This week a distraught friend told me how her husband of over 15 years had been, for the last year, behaving rather oddly. He started telling her – daily – that he only stayed with her because he pitied her; that he had never really enjoyed her company; that he felt that out there there could be women with whom he could have a better relationship; that she did not make him feel fulfilled. She spoke of how he was constantly giving her the cold shoulder; how he started going out on his own, even travelling on his own; and how he was all the time suggesting that they should separate.

My heart sank with each of her outpours. This was your usual script. He clearly wanted out, and was psychologically abusing her in the process. She – who treasured long years of memories with him – could not understand what was happening and felt like the world was crumbling at her feet, and that she was the only one to blame for it. And instead of packing up and leave, she was staying put, to have her confidence trampled upon and her spirit crushed.

She is not the first and won’t be the last woman to go through the pain and sorrow of a one-sided relationship breakdown. And there is very little you can do to assuage the pain, except to listen and encourage breaking free.

That same day, Victim Support Malta coordinated an event to mark One Billion Rising – a global movement to end violence against women. They held an activity at the University and the main message was to educate; to teach young people how to recognise the signs of bad relationships and the sort of behaviour that can worsen. These are skills of life that we are not born with, but that we badly need to be trained in. The targets were men too: an important part of the education programme requires men examining their own behaviour with women.

Victim Support Malta has been tireless in its work to create awareness in society about the difficulties that women have to go through when they find themselves as victims. But there is need of a major cultural shift for more taboos to be smashed.

A friend of mine while going through the separation process, was constantly threatened by her ex-husband. When she plucked up courage and filed a report, she was made to feel worse: at the station, the police showed no sign of empathy and told her to “go home and try and make up”.  When she eventually went to court, the sentence was so mild and the fine so low that she was practically unprotected against her controlling and physically abusive husband.

Another acquaintance was gutted when after she filed for separation, after years of being manipulated by her husband, she had to sit opposite him for family mediation, despite the clear power imbalance. Her husband sat there telling all at table how great he was, how much he loved her, how it was the fault of her lawyer that they broke up and how it was best if they get back together again. So broken was she, that she very nearly did that.

We all – men and women – have the duty to ensure that our society offers a healthy cushioning system against abusive behaviour – because everyone has the right to be protected from having their spirit crushed

These three women I mention are all strong, independent and an inspiration to many in their different fields, and it is very rattling to see them slowly morph into shadows of what they once were – all because society is not yet organised to provide them with a system which backs them up and prevents them from becoming victims.
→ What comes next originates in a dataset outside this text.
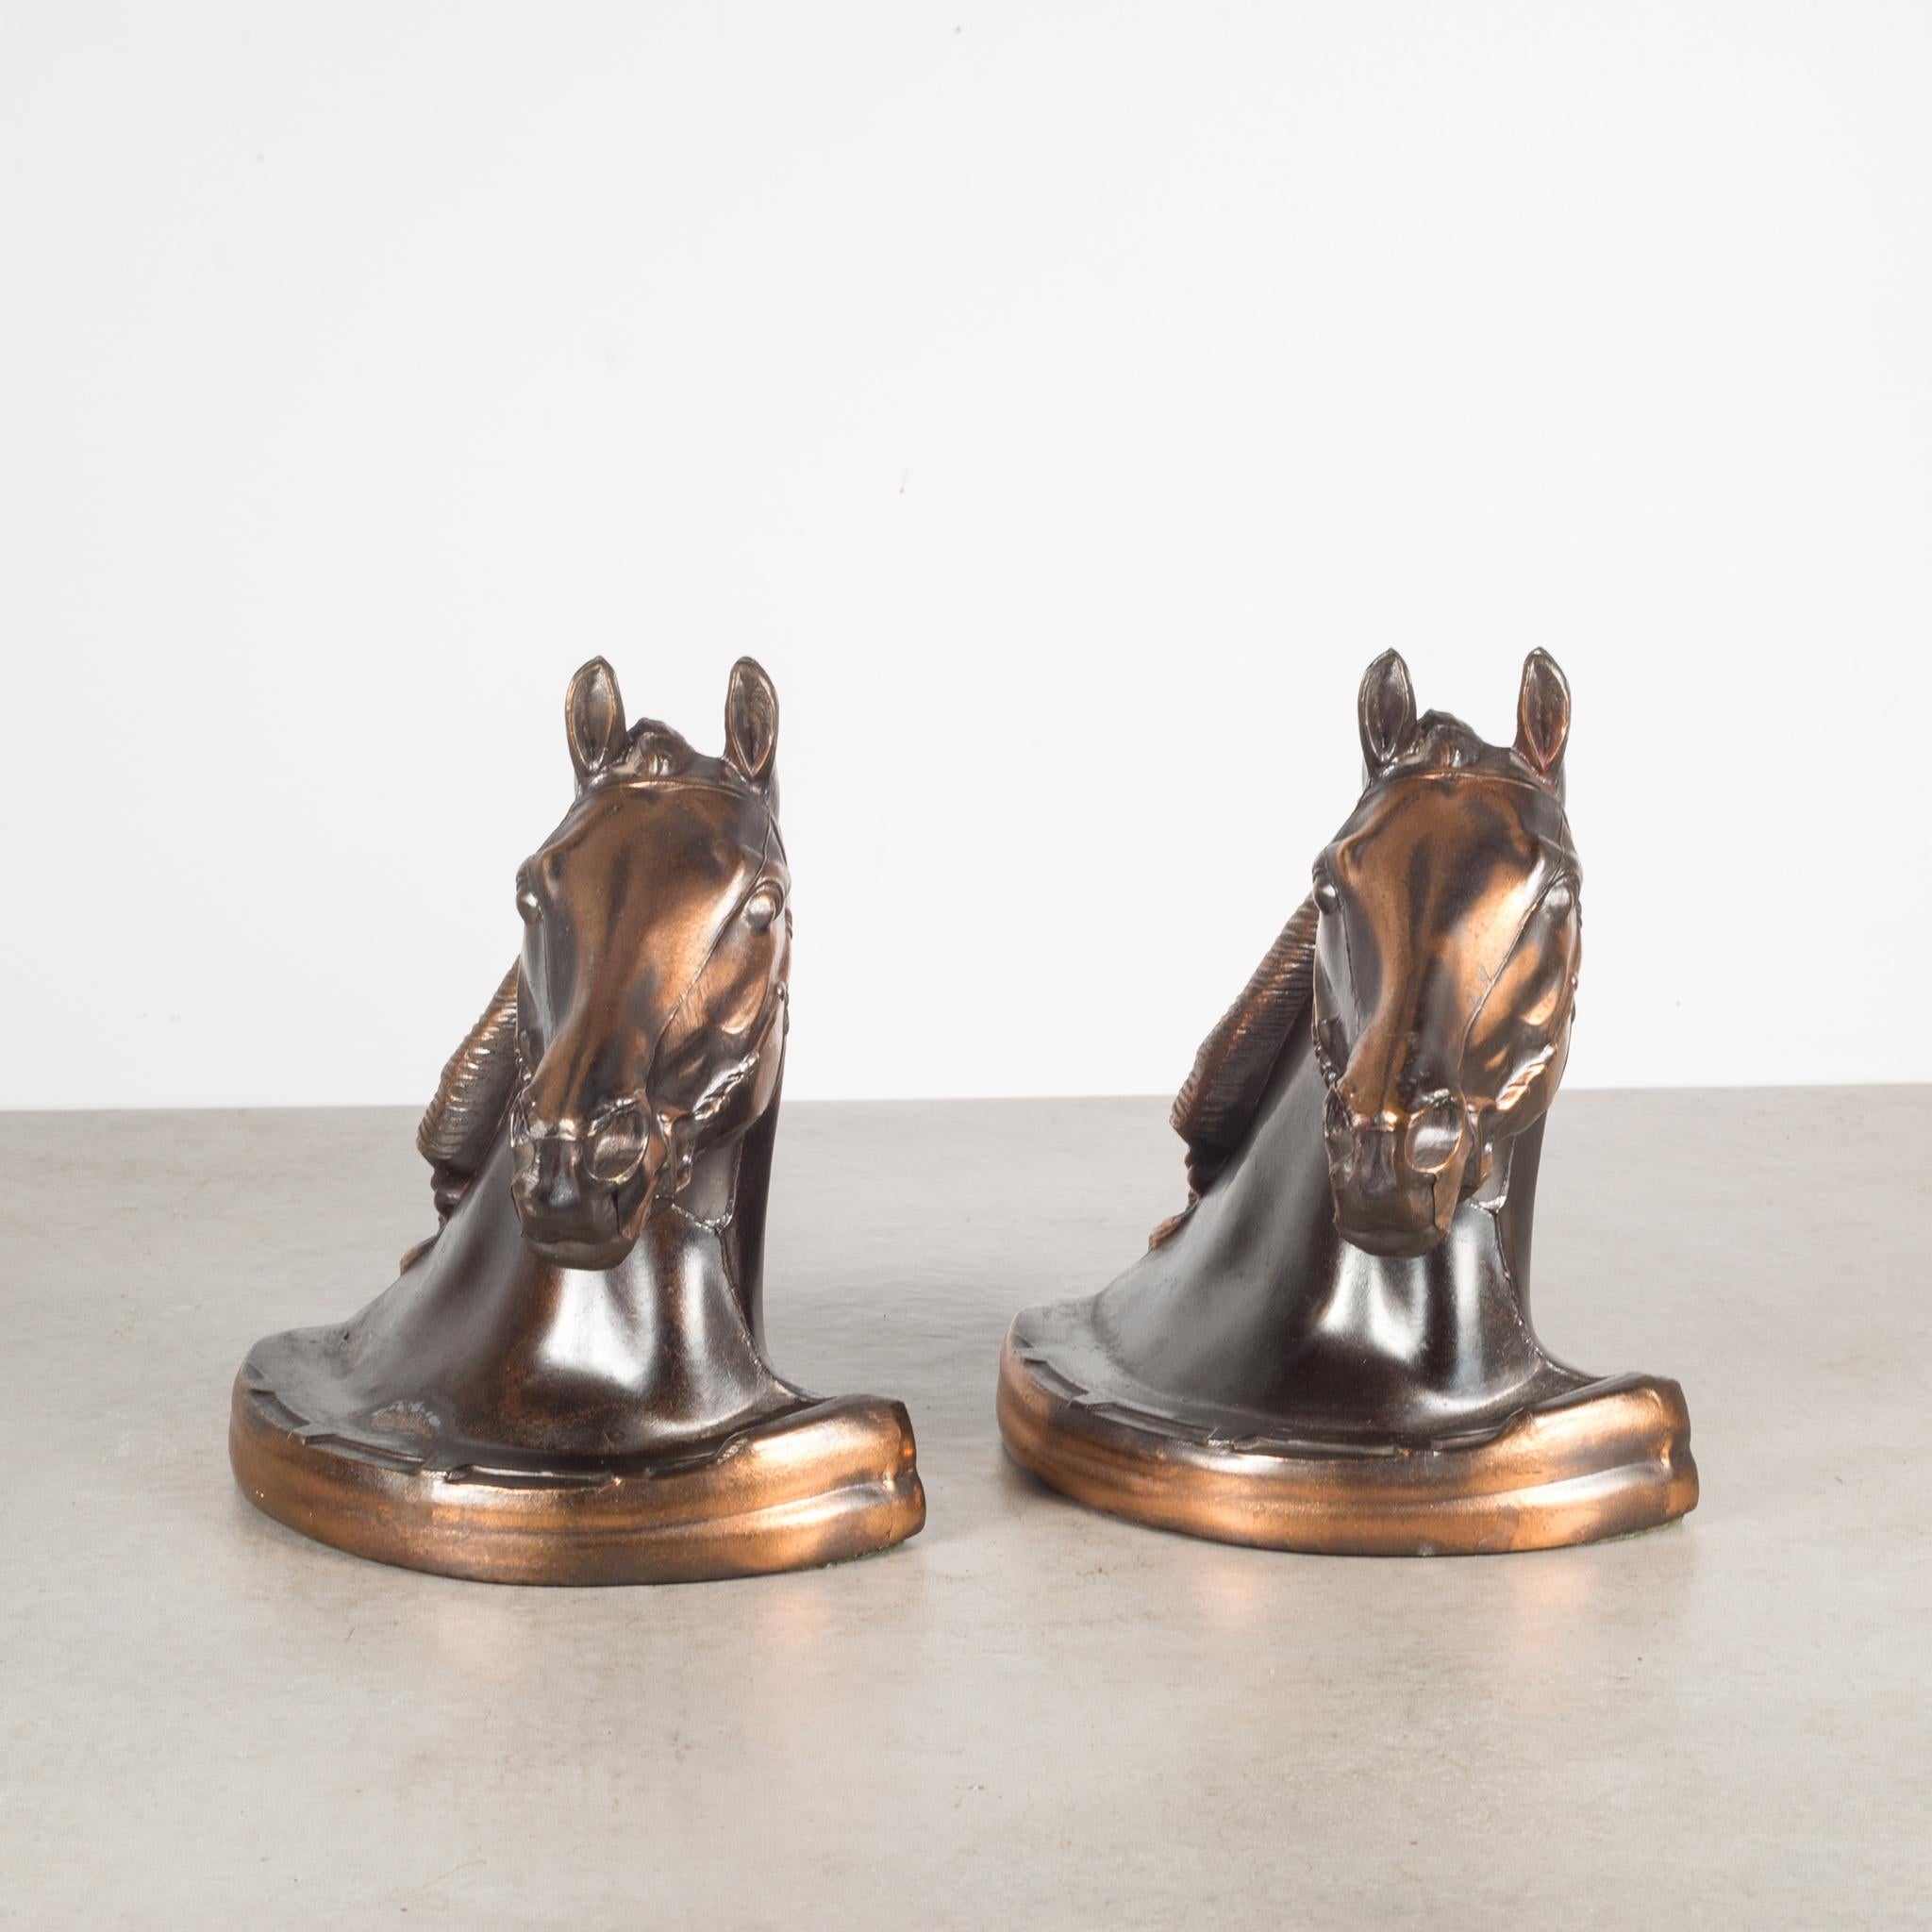 About

An original pair of Gladys Brown style metal horse head bookends with bronze and copper plate and original felt on the bottom.

Data tabled in Parliament earlier this week showed how last year 1,272 domestic violence reports were filed, which compares drastically to the 116 filed a decade ago. This means that slowly people (the majority are women) are not as fearful to report domestic crimes.

The majority of victims who filed reports to the police suffered psychological harm (577 cases) and slight bodily harm through physical force (579 cases).

But what happens after the report is filed? There is, shamefully, no data which throws light on how many offenders were found guilty; what punishments they got; how many protection orders were issued; and the number of crimes committed by repeat offenders. Victim Support Malta suspects that the majority of offenders get away scot-free, which is horrifyingly disheartening for the victims. And it ought to be disheartening for society too.

We like to brand ourselves as the coolest when it comes to gender equality, but the reality is that we are still a far way off. These are some of the few things we need to get sorted urgently:

■ Better coordination between police, health professionals and social workers.

■ Setting up of an on-call team made up of social workers, health and police.

■ A protocol on how to proceed in domestic violence cases for magistrates and judges.

■ A campaign to promote NGOs which offer psychological and emotional support.

■ An education campaign to make women more financially independent.

We all – men and women – have the duty to ensure that our society offers a healthy cushioning system against abusive behaviour – because everyone has the right to be protected from having their spirit crushed.